D’immenses potentialités ne profitent pas aux Congolais

Avec plus de 2,34 millions de kilomètres carrés, la RDC dispose d’un sous-sol riche en minerais (cuivre, cobalt, or, diamant, uranium, coltan, étain…), de 80 millions d’hectares de terres arables, ainsi que d’un potentiel hydroélectrique classé au premier rang des pays africains. Mais, pour diverses raisons – conflits et mauvaise gestion –, les deux tiers des quelque 110 millions de Congolais vivent, selon la Banque mondiale, avec moins de 2,15 dollars par jour. Aussi, le deuxième défi du gouvernement est-il économique, en lien avec les valeurs de partage, d’équité et de responsabilité. « Je suis convaincu que ces valeurs incarnées dans notre agir collectif comme citoyens et responsables politiques peuvent servir de base à l’édification d’une société plus juste et plus humaine », a affirmé Félix Tshisekedi », rappelant qu’ «en effet, avec son riche potentiel économique, la République démocratique du Congo, renferme dans son sous-sol l’essentiel des ressources minérales dont le monde a aujourd’hui besoin pour assurer la transition écologique et la protection de l’environnement. Qualifié de scandale géologique quant à l’ampleur de ses richesses et de son potentiel minier, il demeure qu’à ce jour ces immenses potentialités ne profitent toujours pas aux Congolais.
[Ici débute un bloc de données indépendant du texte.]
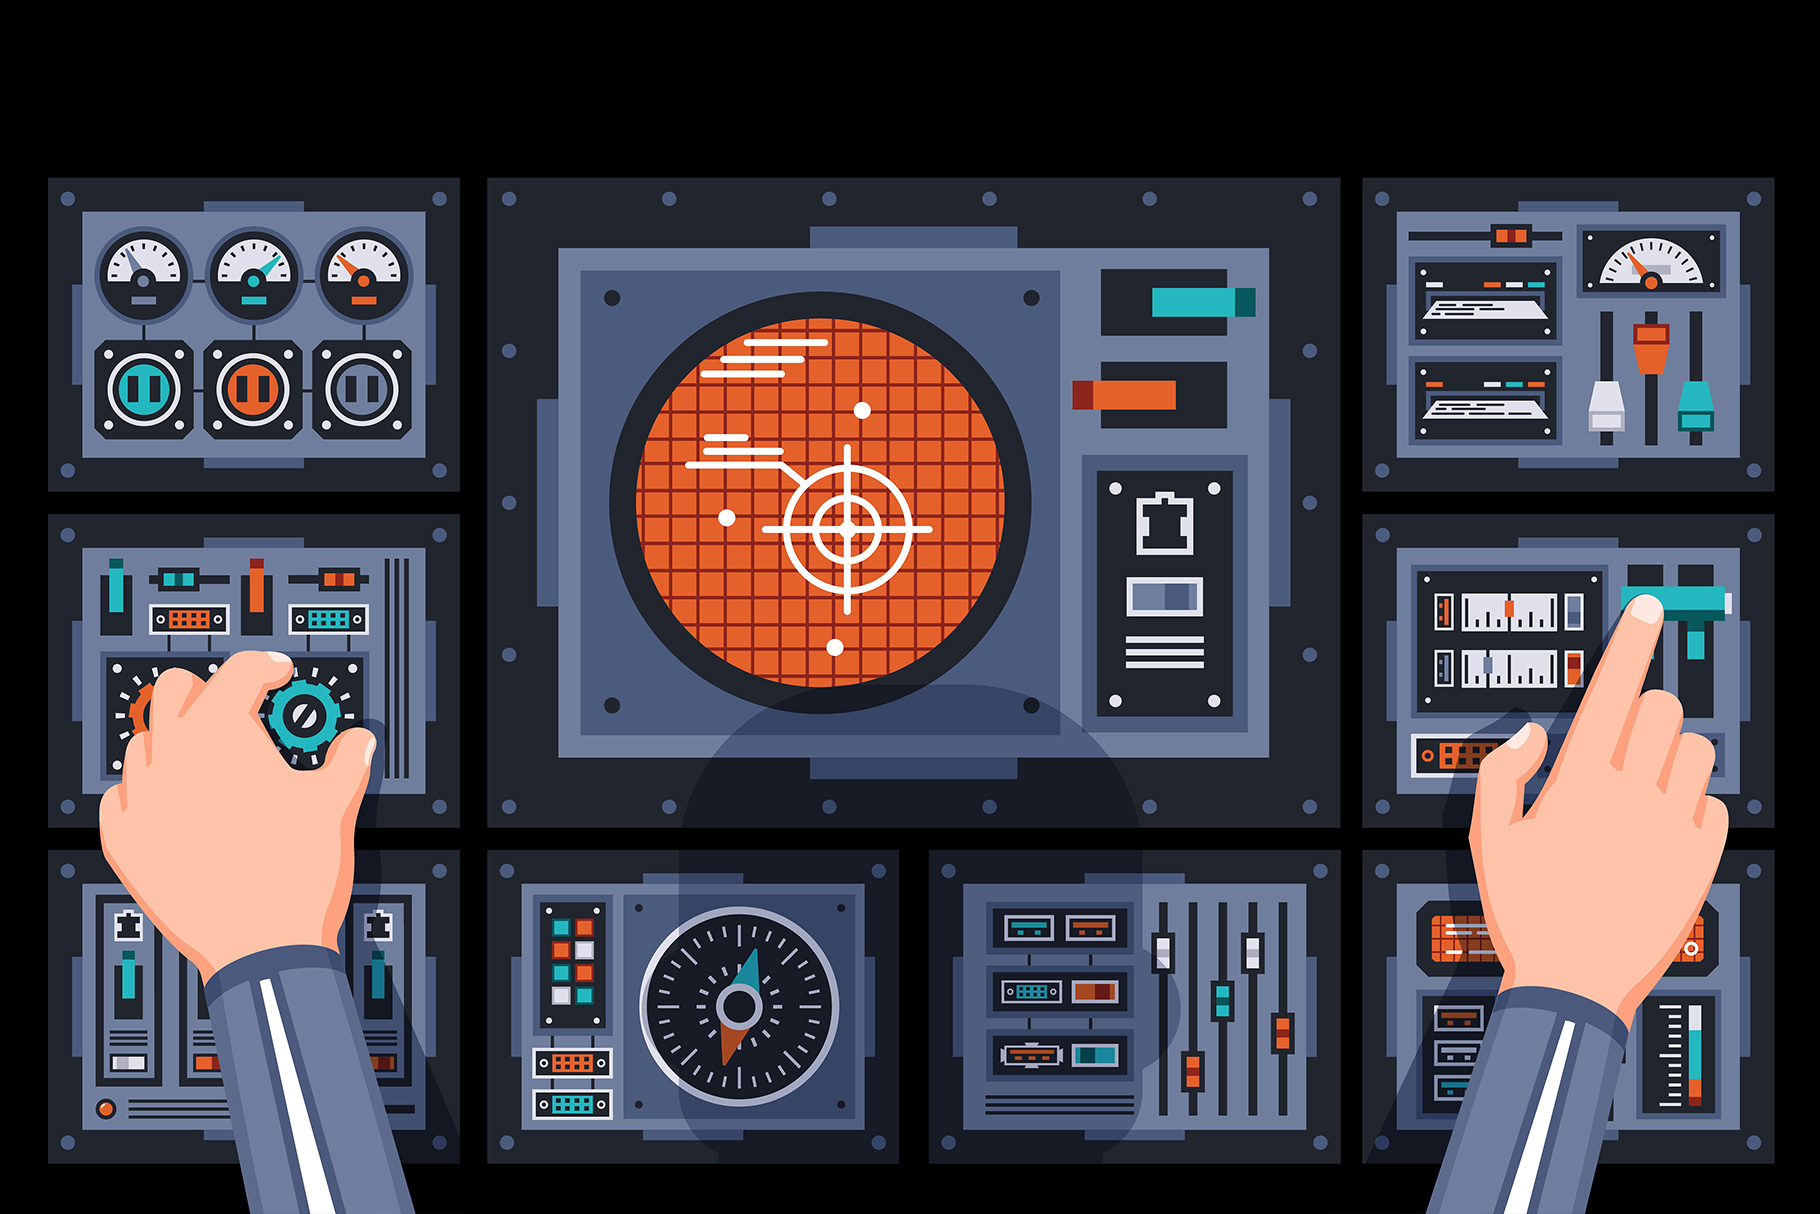 Control Panels Spaceship example image 6

Notre responsabilité, consiste à ne laisser personne au bord du chemin qui mène au développement économique en œuvrant ensemble pour le bien-être collectif dans le but d’éradiquer la pauvreté ».

L’autre grand défi auquel est confronté la RDC est celui de la protection de l’environnement. Et Félix Tshisekedi a fait savoir que le gouvernement de la République et lui-même partagent les valeurs défendues dans l’encyclique du Pape Laudato si, publiée en 2015, sur l’un des principaux défis auxquels l’humanité est confrontée actuellement, à savoir : le réchauffement climatique. Il a ainsi réitéré l’engagement de l’État congolais à œuvrer avec les autres pays pour «la paix et la lutte contre les changements climatiques», tout en réclamant une « justice climatique » en faveur des populations qui vivent dans la résilience afin de préserver la biodiversité. « Pour mieux protéger nos forêts, nous avons toujours milité pour une justice climatique afin que les plus grands pollueurs, qui sont à la base de la destruction de l’environnement, versent des compensations aux gardiens de la planète que nous sommes », a plaidé le président congolais.

Sera-t-il entendu ? Rien n’est moins sûr. Mais il a trouvé, à travers la visite de François, un porte-parole des malheurs de son pays et de ses concitoyens.